The IMF has just published its six-monthly World Economic Outlook. This provides an assessment of trends in the global economy and gives forecasts for a range of macroeconomic indicators by country, by groups of countries and for the whole world.
This latest report is upbeat for the short term. Global economic growth is expected to be around 3.9% this year and next. This represents 2.3% this year and 2.5% next for advanced countries and 4.8% this year and 4.9% next for emerging and developing countries. For large advanced countries such rates are above potential economic growth rates of around 1.6% and thus represent a rise in the positive output gap or fall in the negative one.
But while the near future for economic growth seems positive, the IMF is less optimistic beyond that for advanced countries, where growth rates are forecast to decline to 2.2% in 2019, 1.7% in 2020 and 1.5% by 2023. Emerging and developing countries, however, are expected to see growth rates of around 5% being maintained.

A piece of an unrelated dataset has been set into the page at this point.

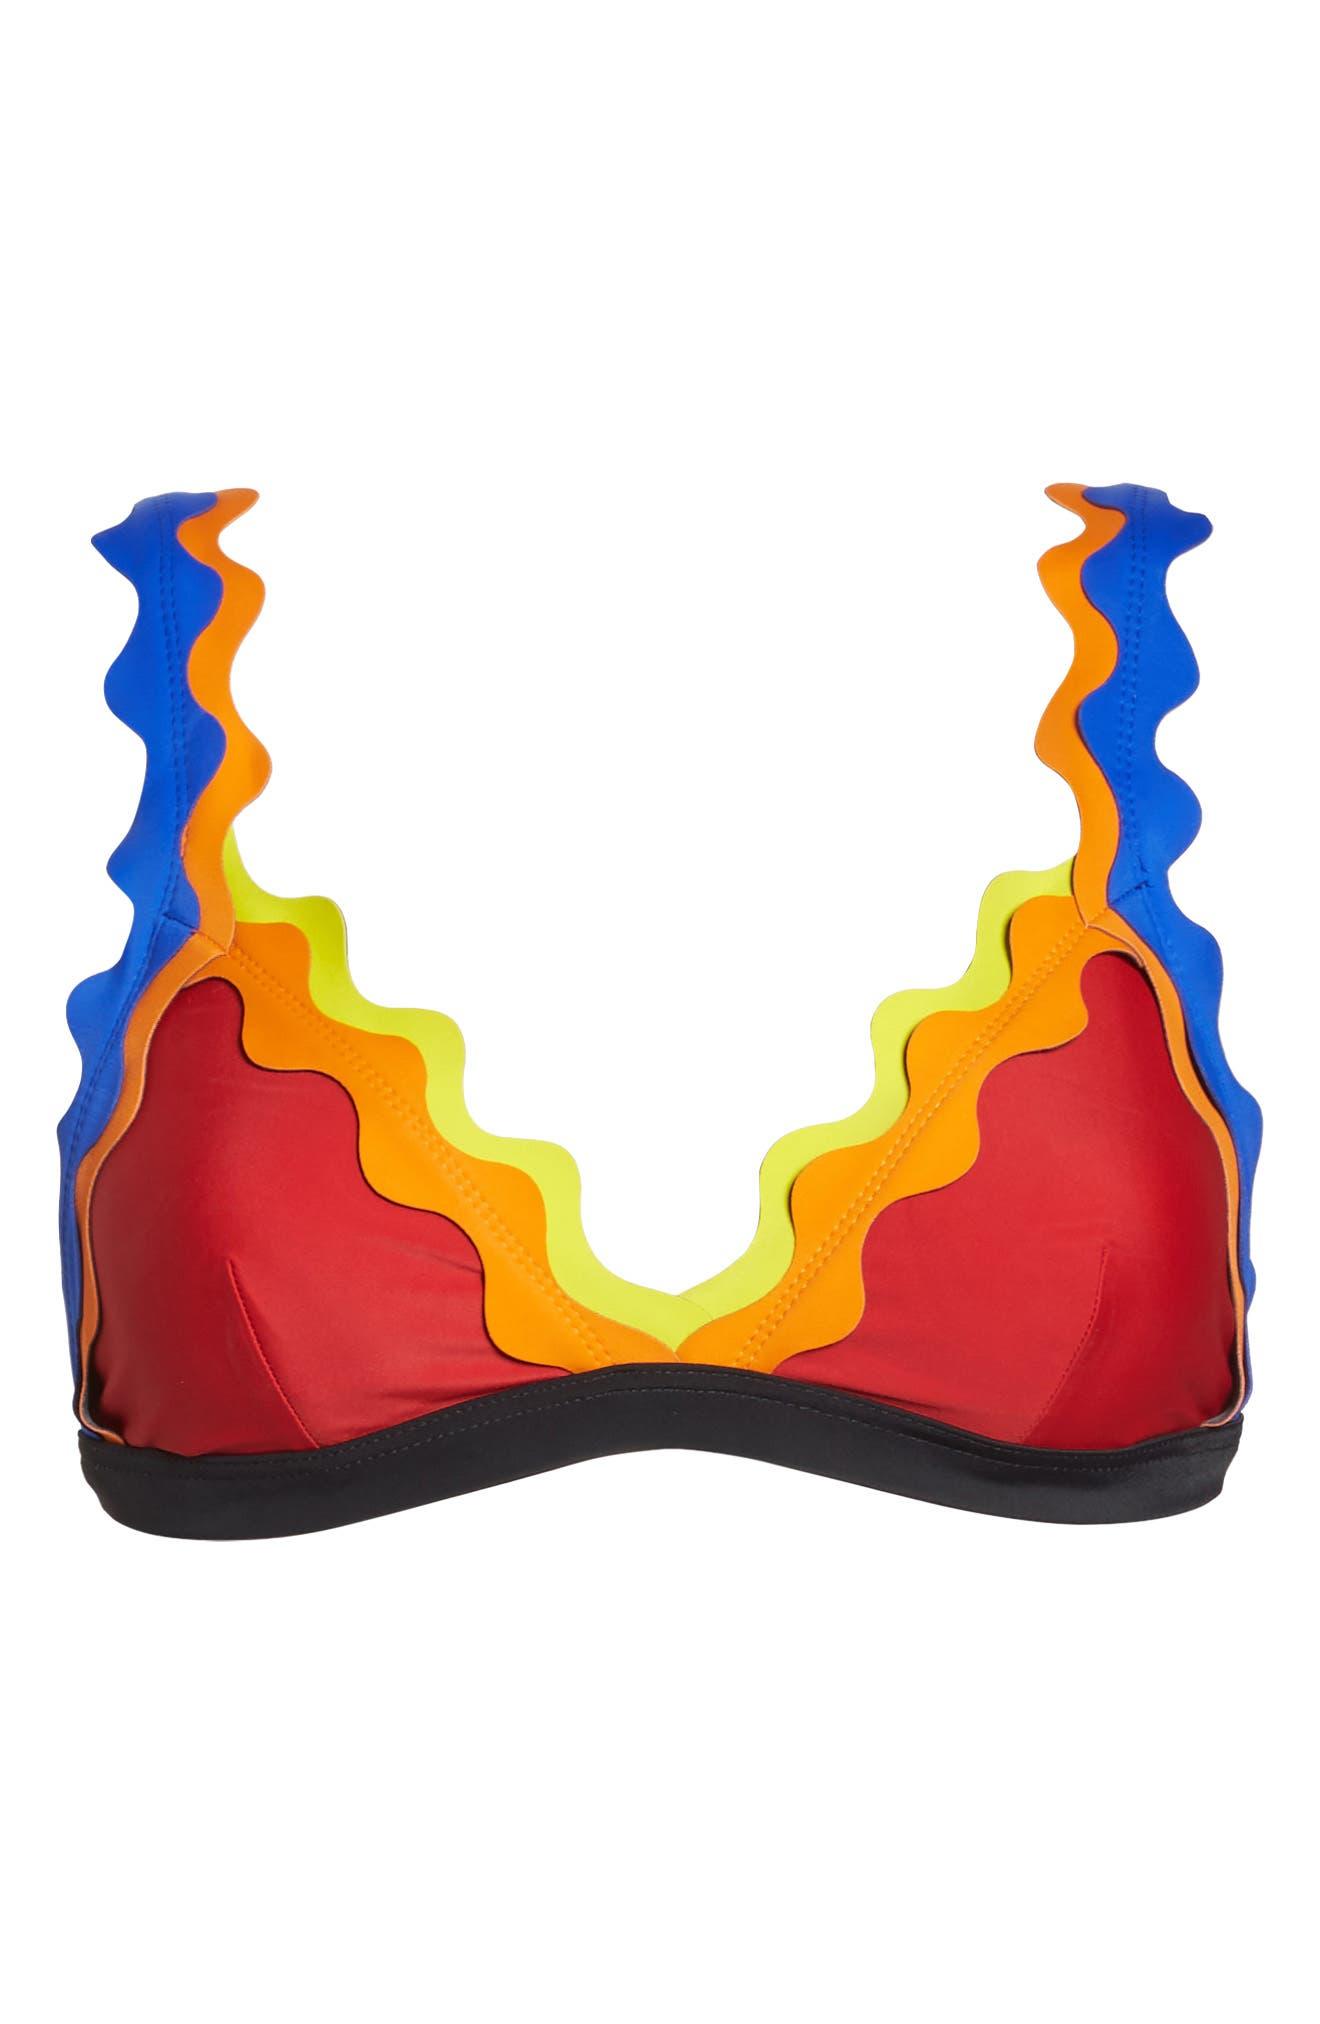 Cackle Scallop Bikini Top,                             Alternate thumbnail 9, color,                             Red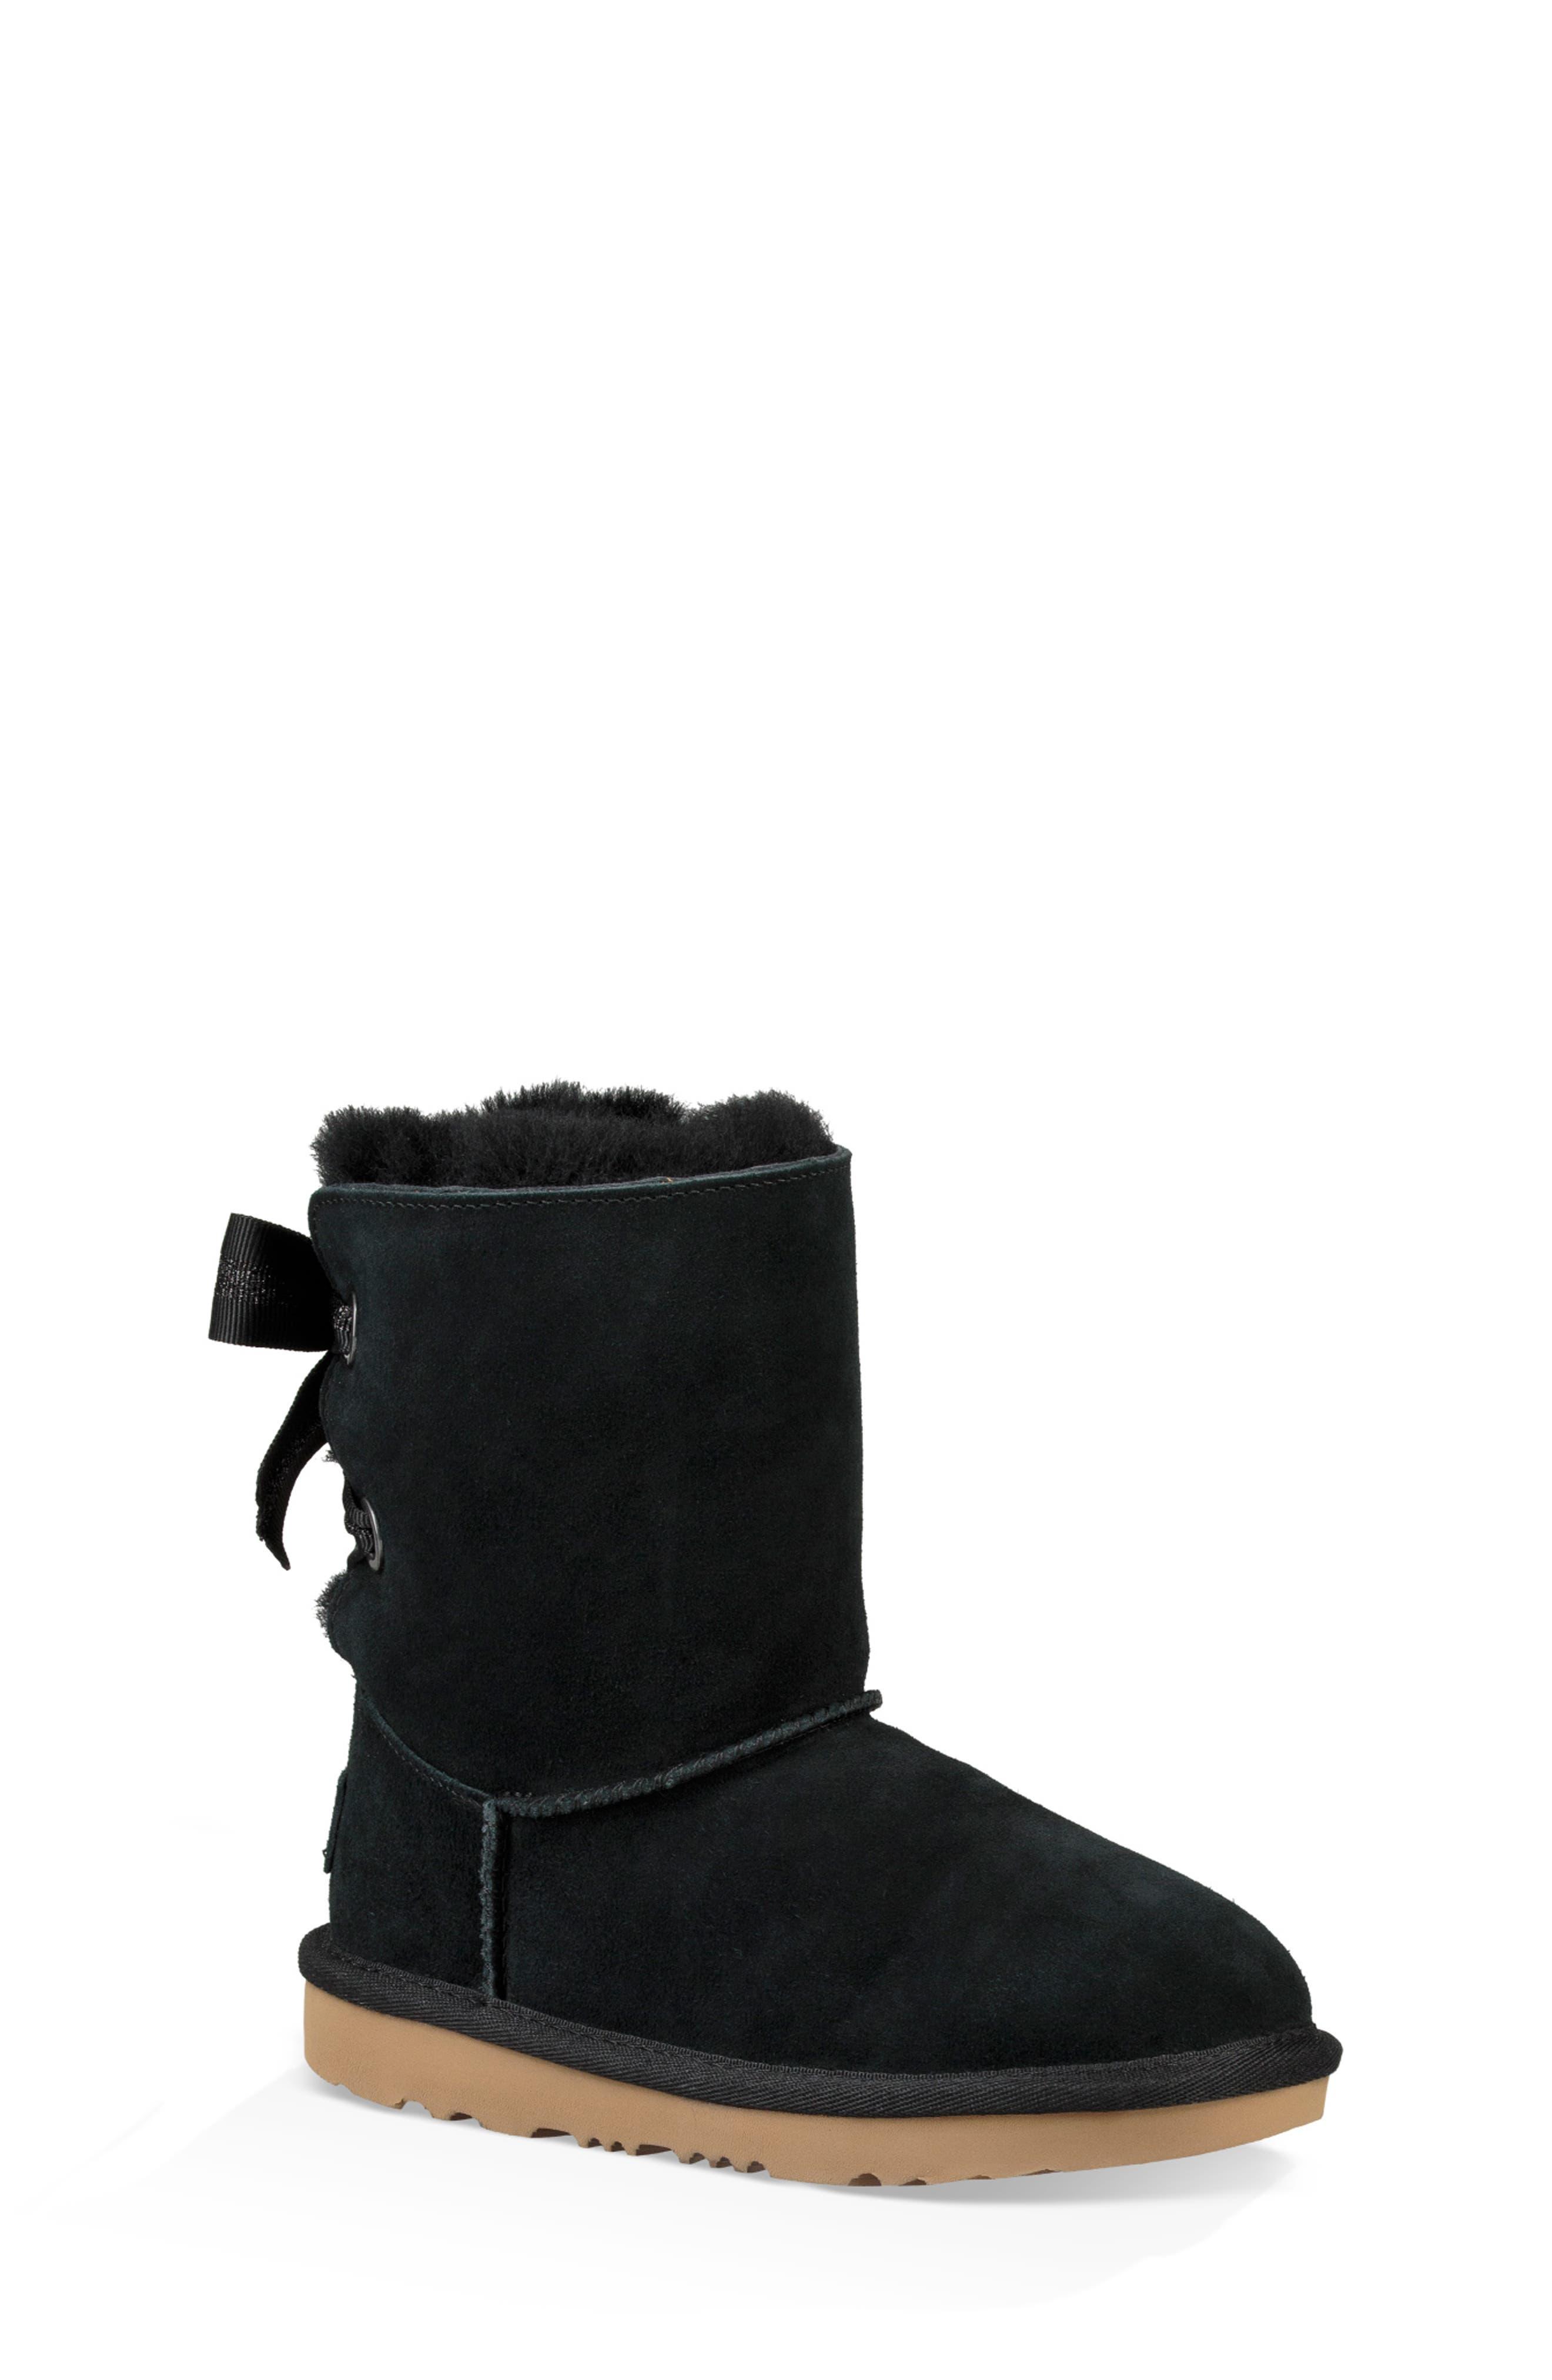 UGG<SUP>®</SUP>, Customizable Bailey Bow II Genuine Shearling Boot, Main thumbnail 1, color, BLACK

For most countries, current favorable growth rates will not last. Policymakers should seize this opportunity to bolster growth, make it more durable, and equip their governments better to counter the next downturn.
By comparison with other countries, the UK’s growth prospects look poor. The IMF forecasts that its growth rate will slow from 1.8% in 2017 to 1.6% in 2018 and 1.5% in 2019, eventually rising to around 1.6% by 2023. The short-term figures are lower than in the USA, France and Germany and reflect ‘the anticipated higher barriers to trade and lower foreign direct investment following Brexit’.
The report sounds some alarm bells for the global economy.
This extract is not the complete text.